§ **Work to be completed**: Skip the pictures and repeat each line of the data exactly.

§ **Supplied data**:
• • • • • • •

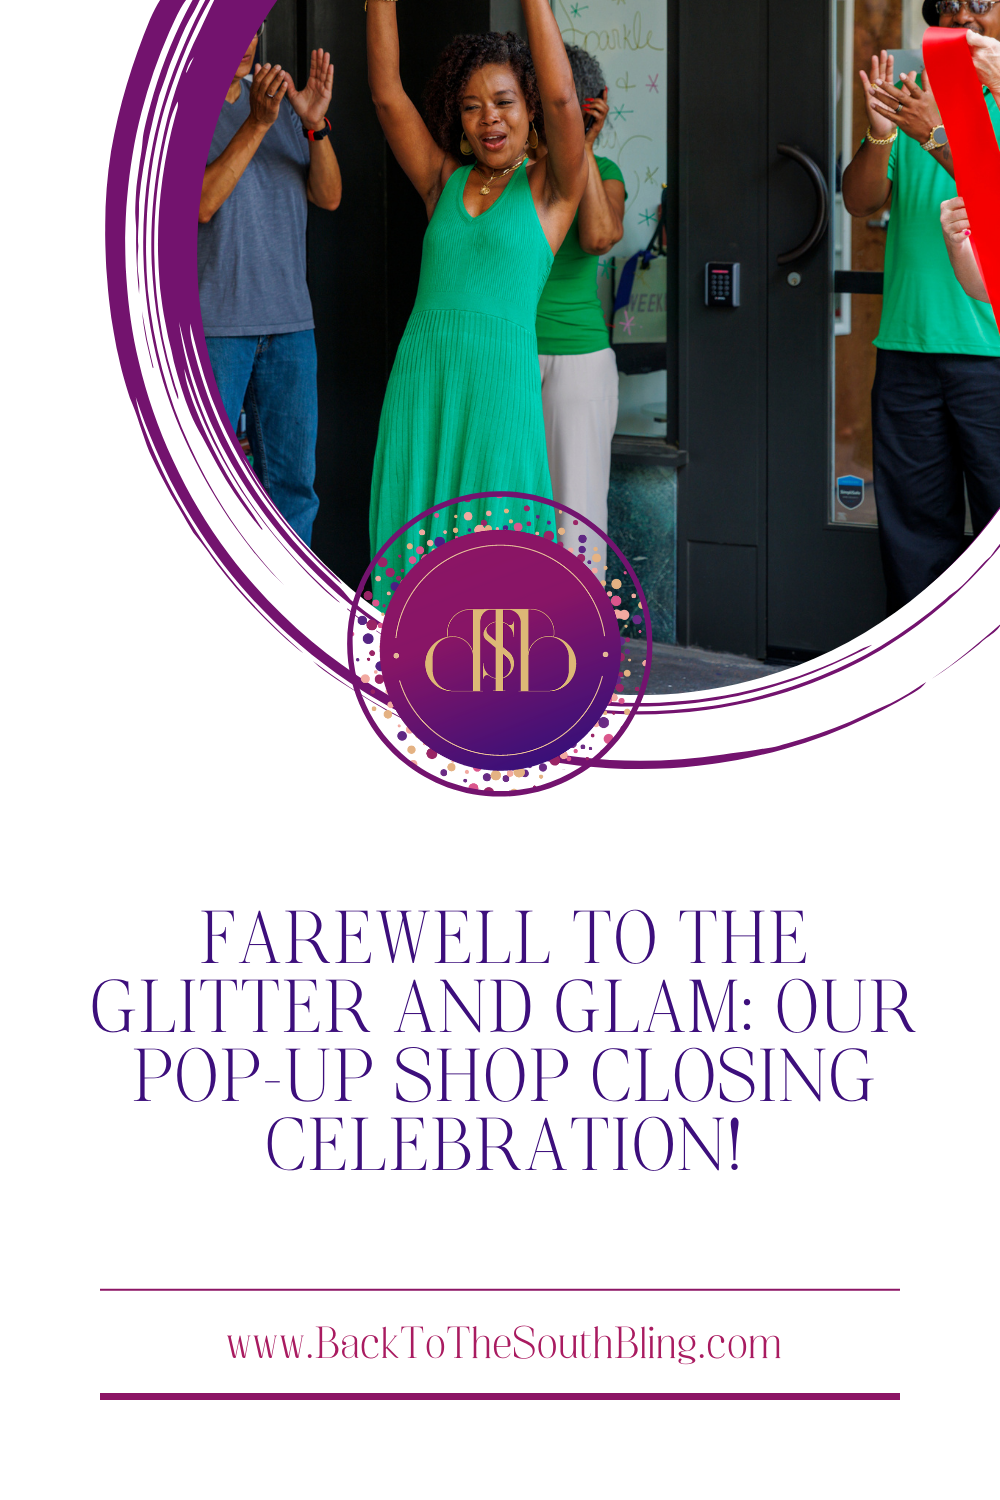 Farewell to the Glitter and Glam: Our Pop-Up Shop Closing Celebration!
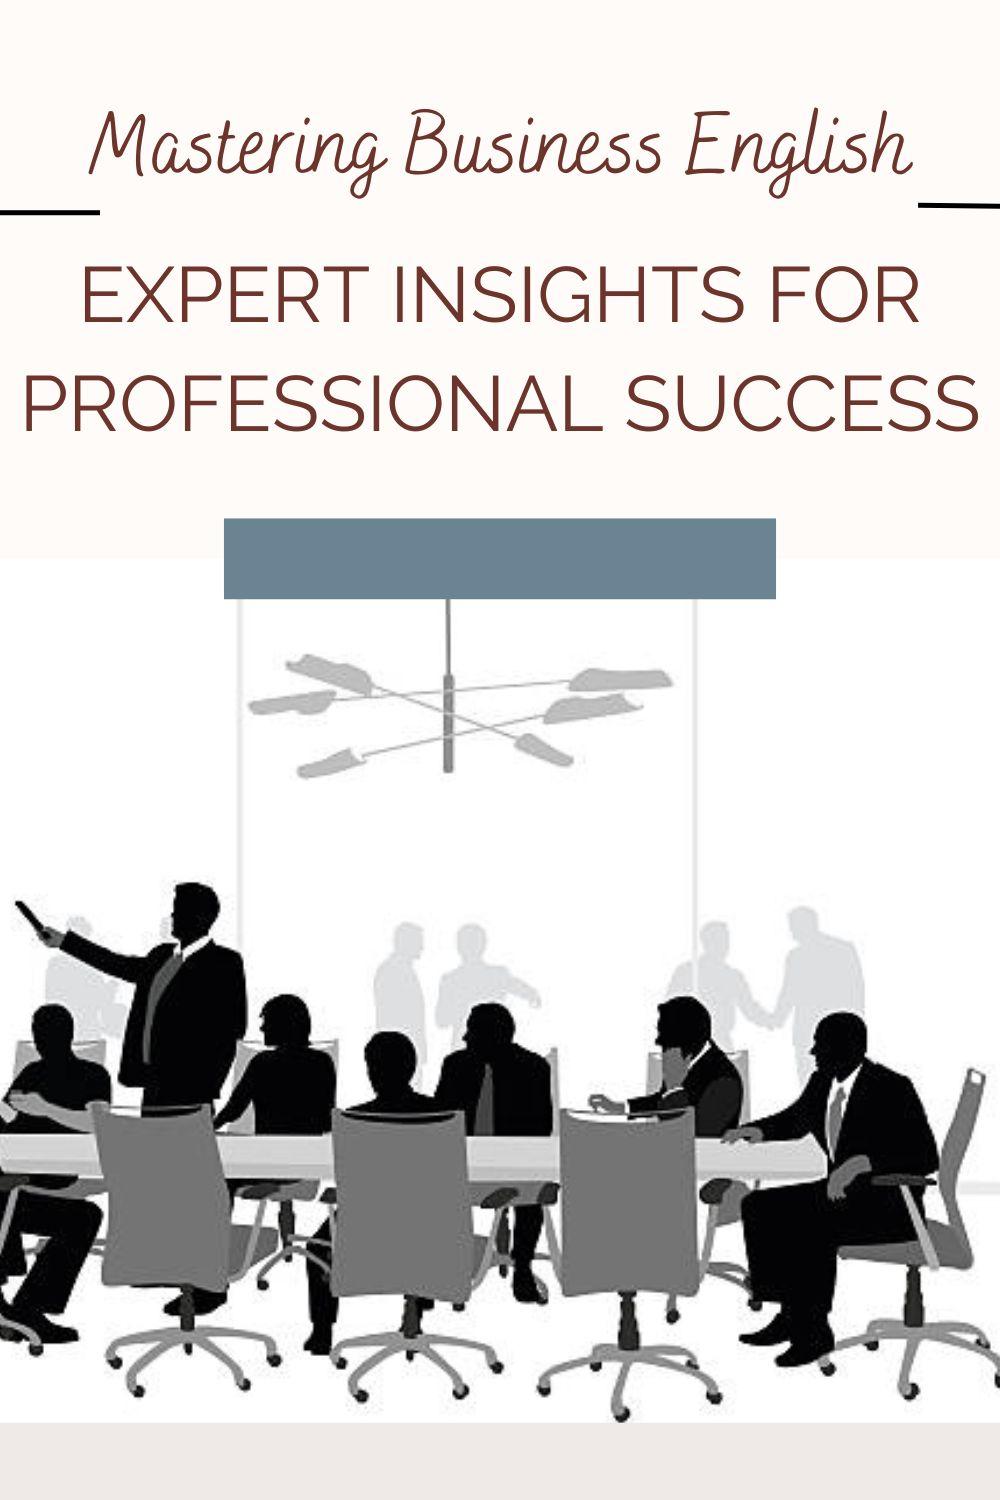 Mastering Business English: Expert Insights for Professional Success
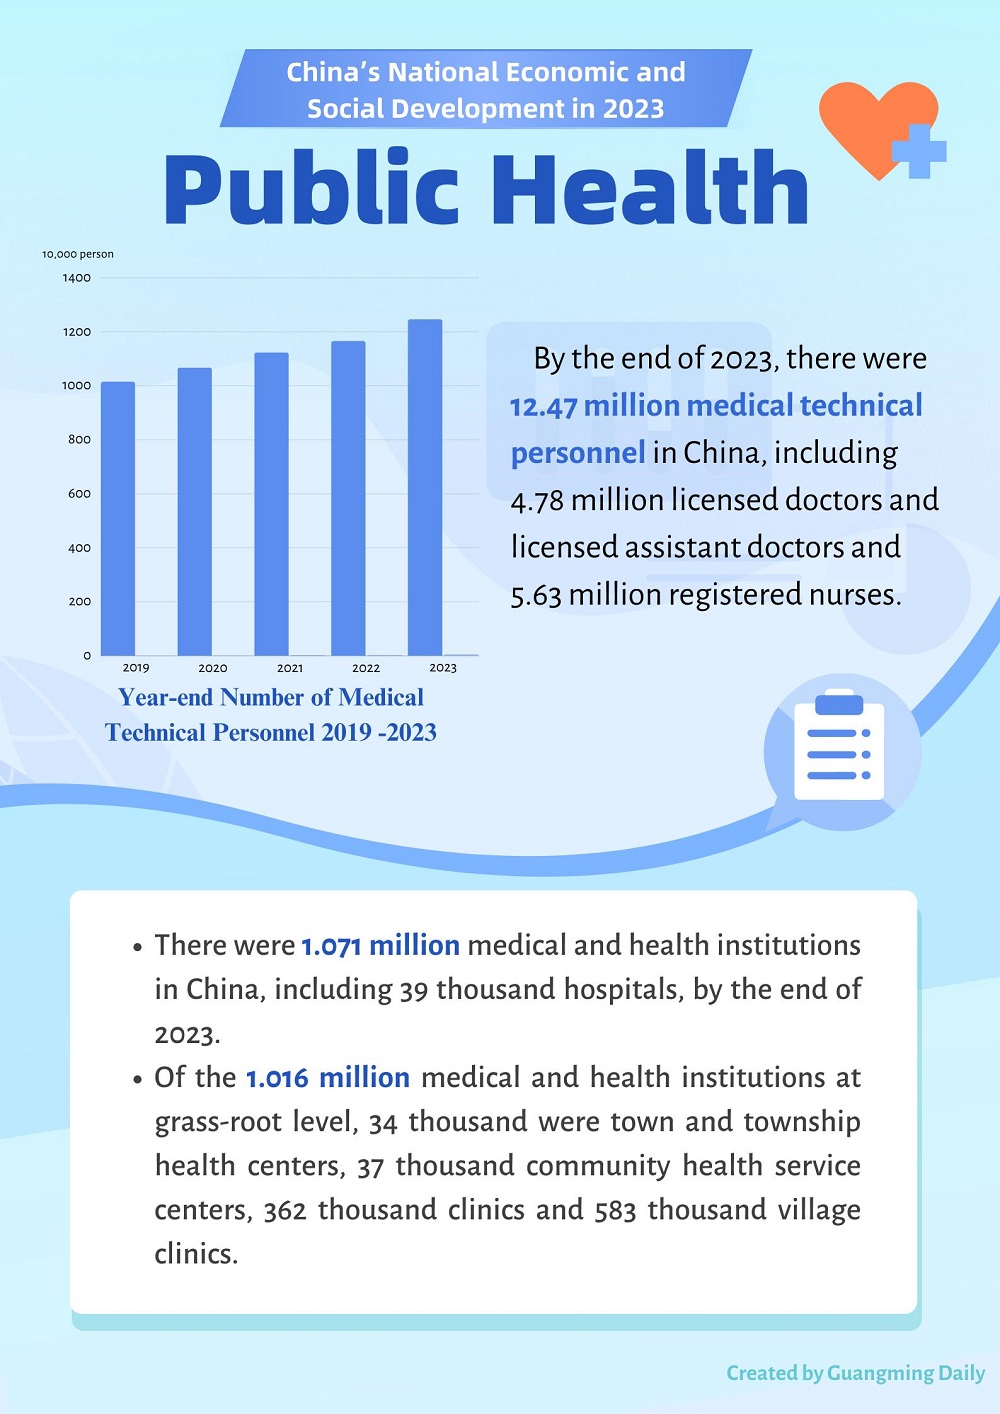 China's National Economic and Social Development in 2023: Public Health

• • • • • • •

§ **Solution for this task**:
 Farewell to the Glitter and Glam: Our Pop-Up Shop Closing Celebration!
 Mastering Business English: Expert Insights for Professional Success
 China's National Economic and Social Development in 2023: Public Health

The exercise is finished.